We hope to provide a balanced view with this guide to sit-stand workstations and to provide helpful resources along the way. Enjoy!
(Use the table of contents below to jump to each section.)
Table of Contents
The Problems: Sitting Disease and Musculoskeletal Disorders
Sit-stand workstation solutions have exploded in popularity in the last few years in response to two problems in particular; sitting disease and musculoskeletal disorders. Let’s take them on one at a time.
It’s a simple fact of life that we’re more sedentary now than ever before. It’s alarming when you think about it and for good reason. The statistics in the articles below confirm the problem.
Too Much Sitting Linked to Heart Disease, Diabetes, Premature Death
A collection of 47 studies found that people who sat for prolonged periods of time had a higher risk of dying from all causes — even those who exercised regularly.

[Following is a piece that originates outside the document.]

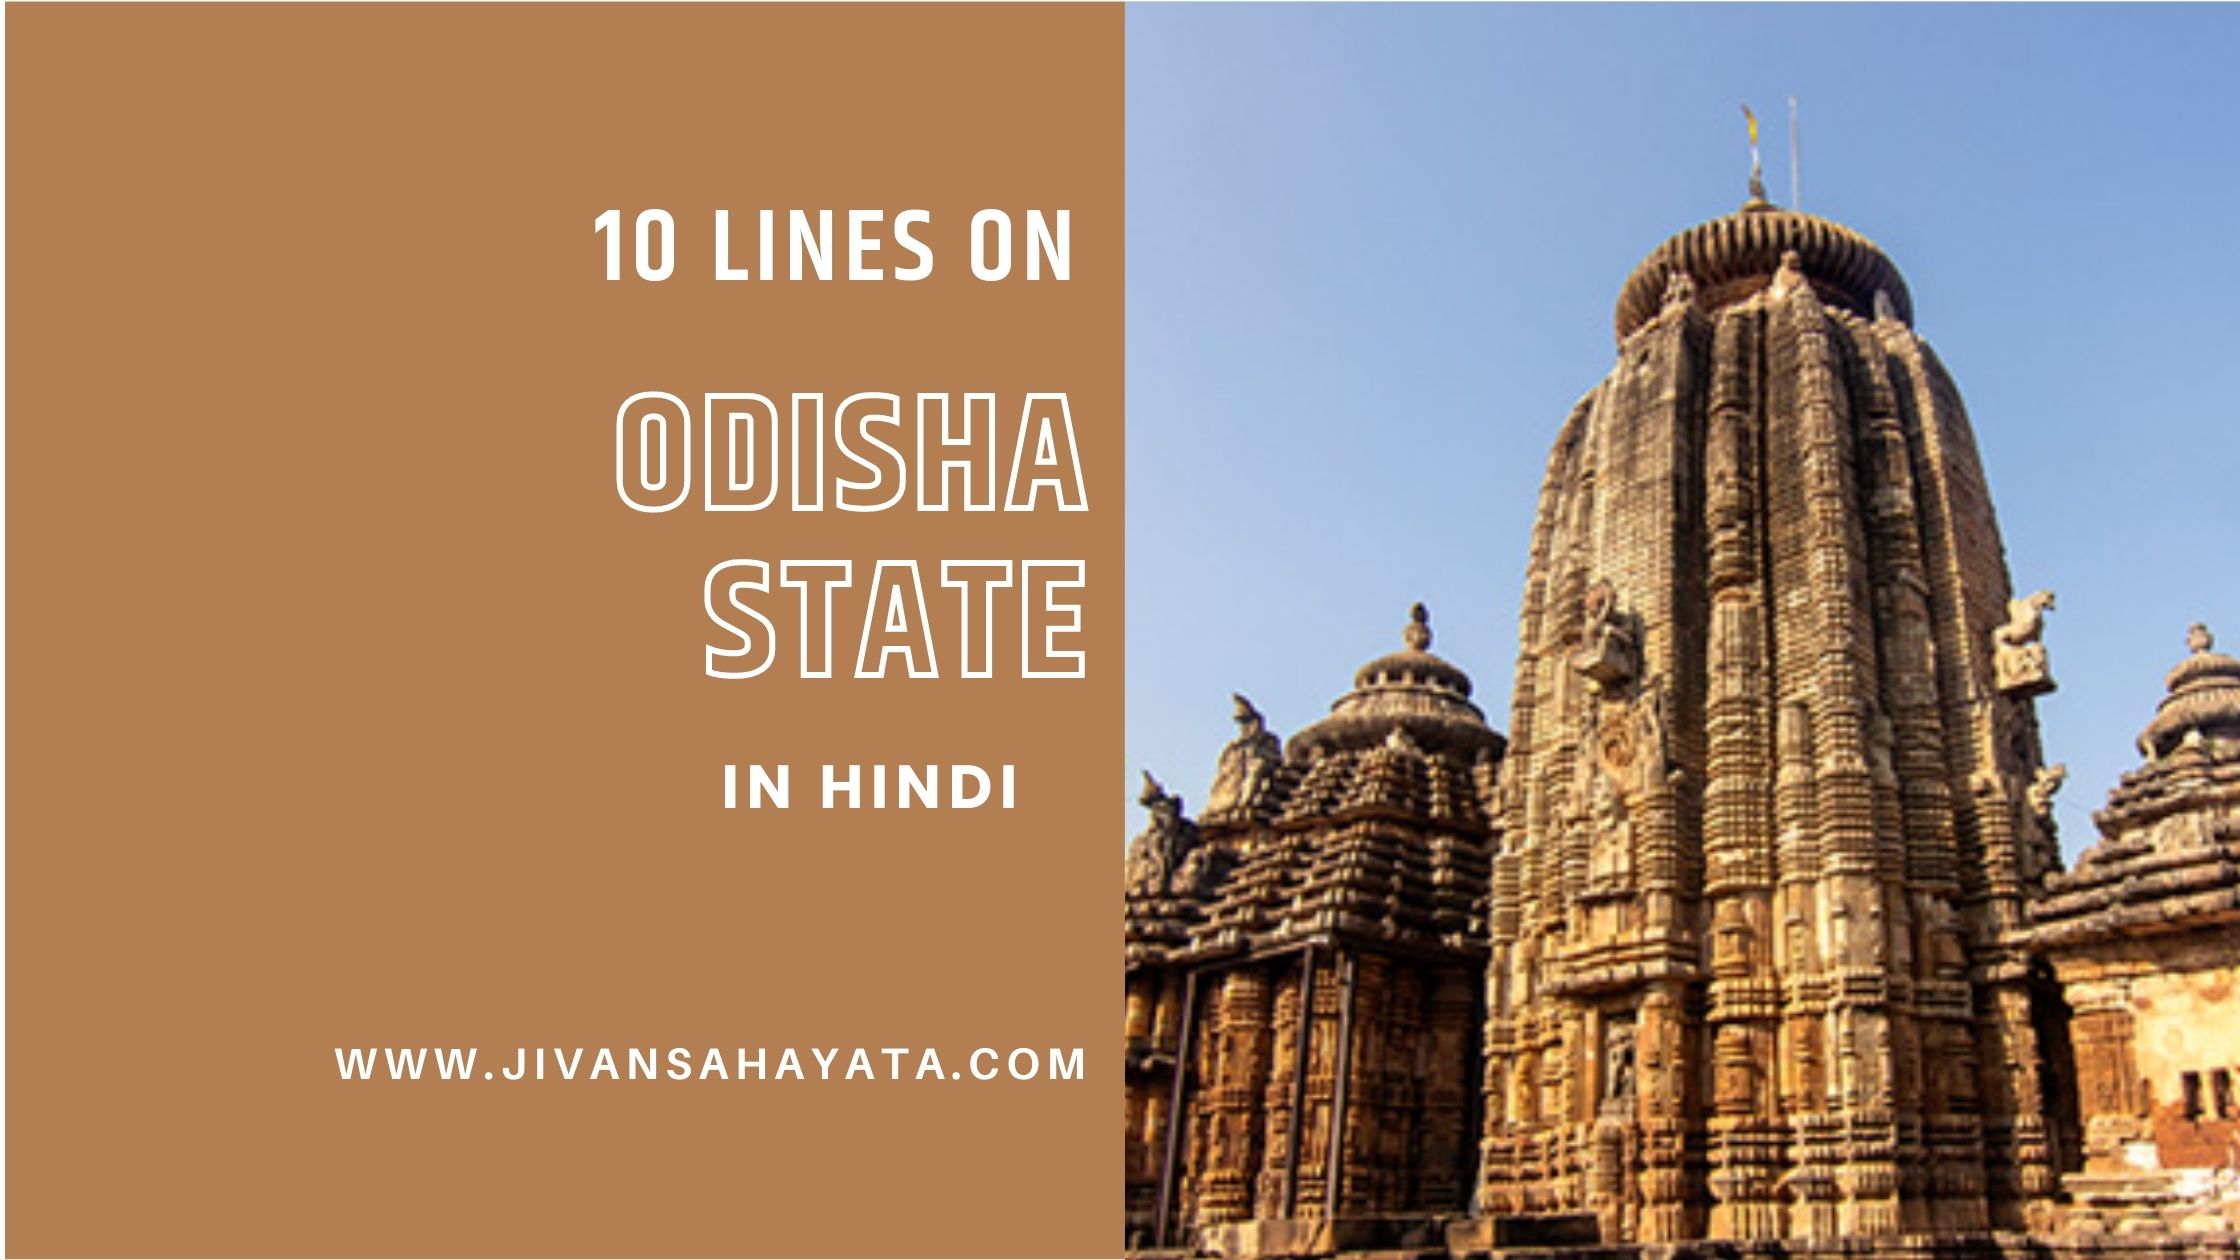 10 lines on Odisha State in Hindi

The Health Hazards of Sitting
This informative infographic from the Washington Post details the damage sitting will do to your body from top to bottom. From organ damage to a stiff back to a foggy brain, it doesn’t look good.
What Are the Risks of Sitting Too Much?
This post from the Mayo Clinic highlights a study where that compared adults who spent less than two hours a day in front of the TV or other screen-based entertainment with those who logged more than four hours a day of recreational screen time. Those with greater screen time had:
- A nearly 50 percent increased risk of death from any cause
- About a 125 percent increased risk of events associated with cardiovascular disease, such as chest pain (angina) or heart attack
Infographic — Sitting Disease by the Numbers
This infographic from JustStand.org highlights more research into the problem of sitting disease and also highlights the fact that 75% of employees at large companies wished they didn’t spend most of their working hours sitting.
Sitting Disease Research Guide
This page is a compilation of research into the dangers and health hazards of sitting disease. Here are a few of the key findings highlighted on JustStand.org:
- Workers who used sit-stand desks were 78% more likely to report a pain-free day than those who used regular workstations, according to a Stanford University back pain study.
- A 2015 study published in the Oxford Journal of Public Health shows that sit-to-stand desks in classrooms appear to be an effective way of reducing sedentary behavior (prolonged sitting) in a diverse sample of children.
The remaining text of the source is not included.